Wszystko wskazuje na to, że Samsung nie wytrzymał i znowu zaczyna wypuszczać nowe, nie do końca zrozumiałe modele. To już trzeci dzień z rzędu, gdy Koreańczycy raczą nas nowym smartfonem. Na początku był Galaxy J2 (2016) ze Smart Glow, wczoraj Galaxy J Max, a dzisiaj? Galaxy J1 Ace Neo, który ewidentnie się wyróżnia na tle obecnego portfolio, ale… swoją nazwą.

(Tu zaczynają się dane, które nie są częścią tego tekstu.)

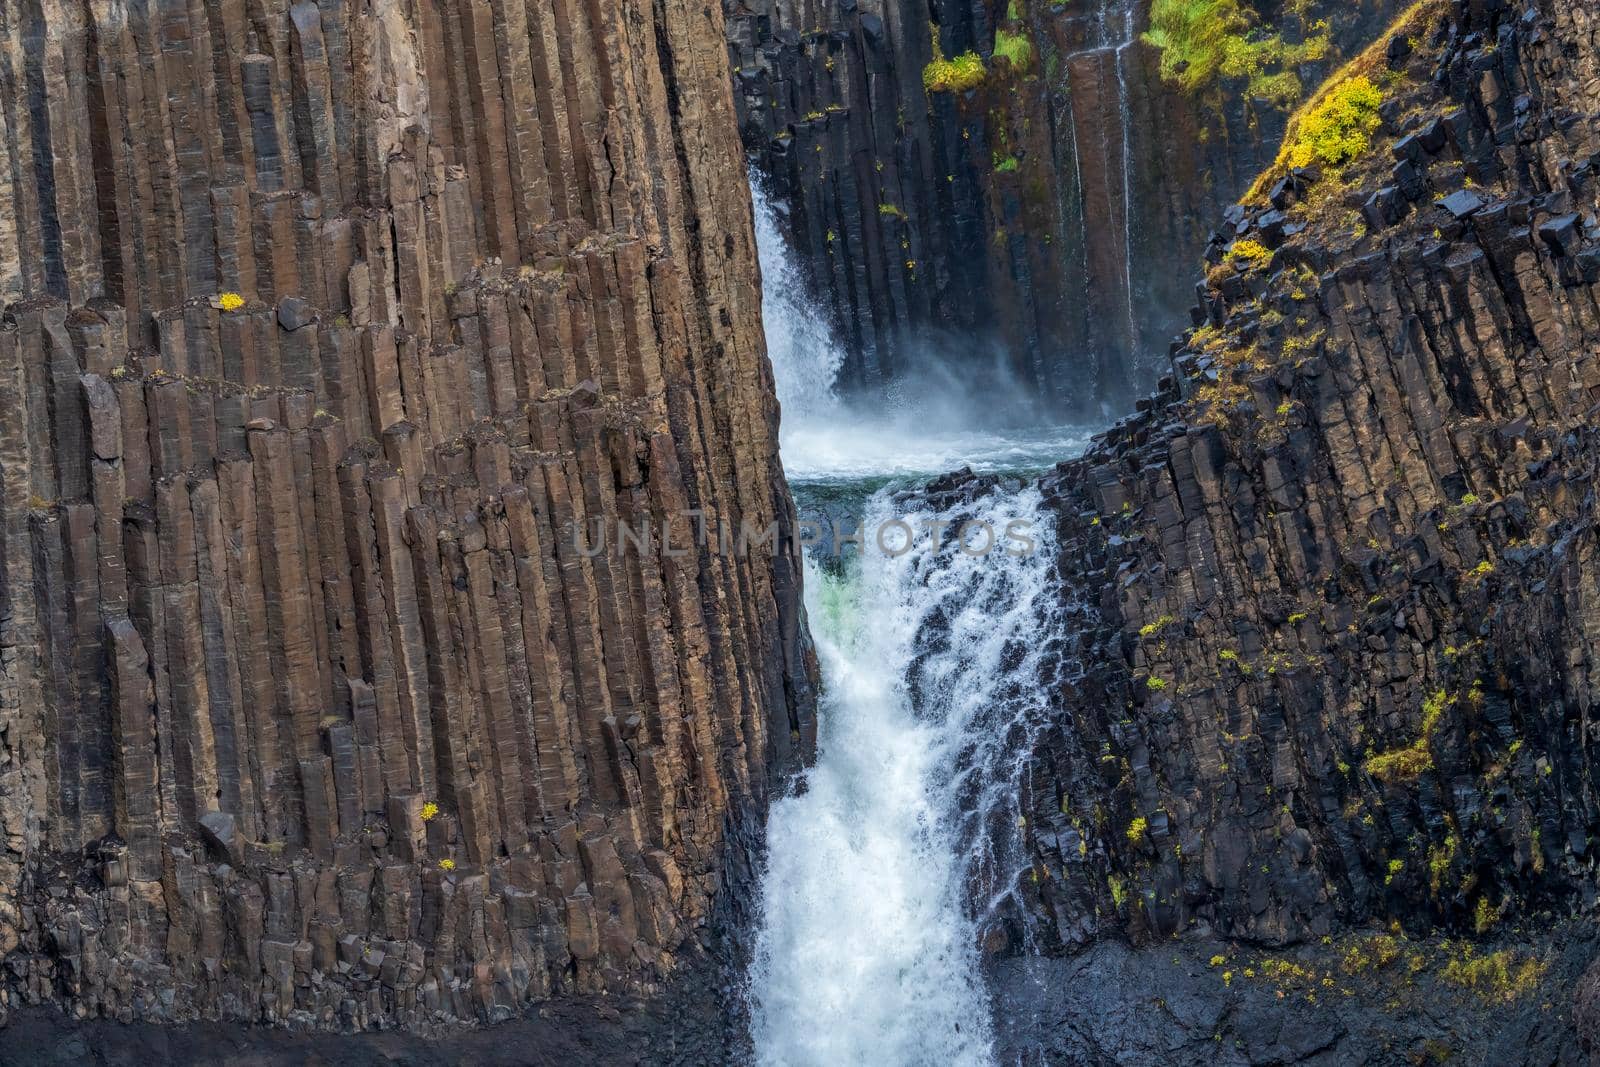 Closeup view of waterfall and basaltic rock walls
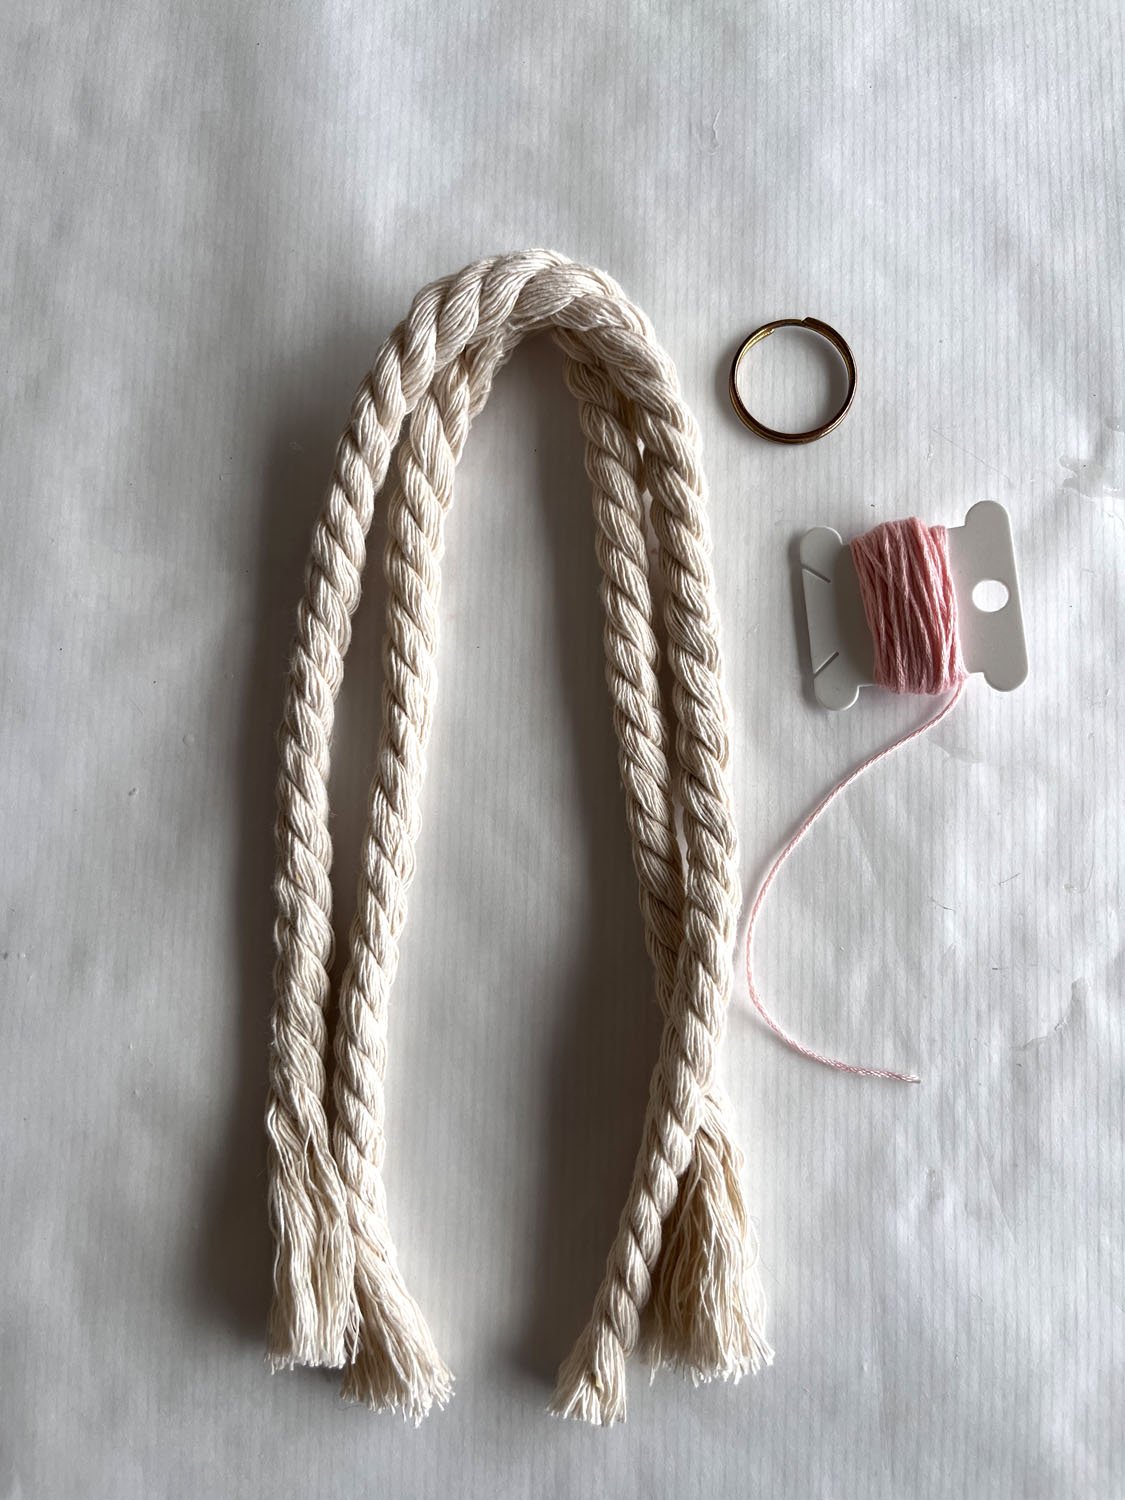 Porte-clés en corde ref corde tressée avec manille au

Jeżeli zapomnimy o dopiskach „Ace” oraz „Neo” to wiemy, że Galaxy J1 jest smartfonem najtańszym, najsłabszym, dla osób niepotrzebujących świetnych wyników w benchmarkach czy też wykonania rodem z górnej półki. Jednak co te dodatkowe oznaczenia mówią? Hm… Ciężko ocenić, ale poznajmy najpierw specyfikację tego jakże niespodziewanego smartfonu:
- 4,3-calowy wyświetlacz SAMOLED (800×480);
- 4-rdzeniowy układ Speadtrum SC8830 (1,5 GHz);
- 1 GB RAM;
- 8 GB wbudowanej pamięci dla użytkownika (4,4 GB z sysemem +MicroSD do 128 GB);
- aparaty:
- przód: 2 MPx;
- tył: 5 MPx;
- akumulator o pojemności 1900 mAh;
- Android 5.1 Lollipop.
Podoba się? Tak, nie jest to rewolucyjny smartfon, a wręcz przedpotopowy. Mimo wszystko takie urządzenia też są potrzebne i zapewne jego cena będzie zdecydowanie niższa od wcześniejszych nowości Samsunga.
Galaxy J1 Ace Neo – ta nieszczęsna nazwa – to świetna propozycja dla osób, które chcą poznać działanie smartfonów, ale ze świadomością ograniczeń jakie są nakładane na ten model przez samą specyfikację.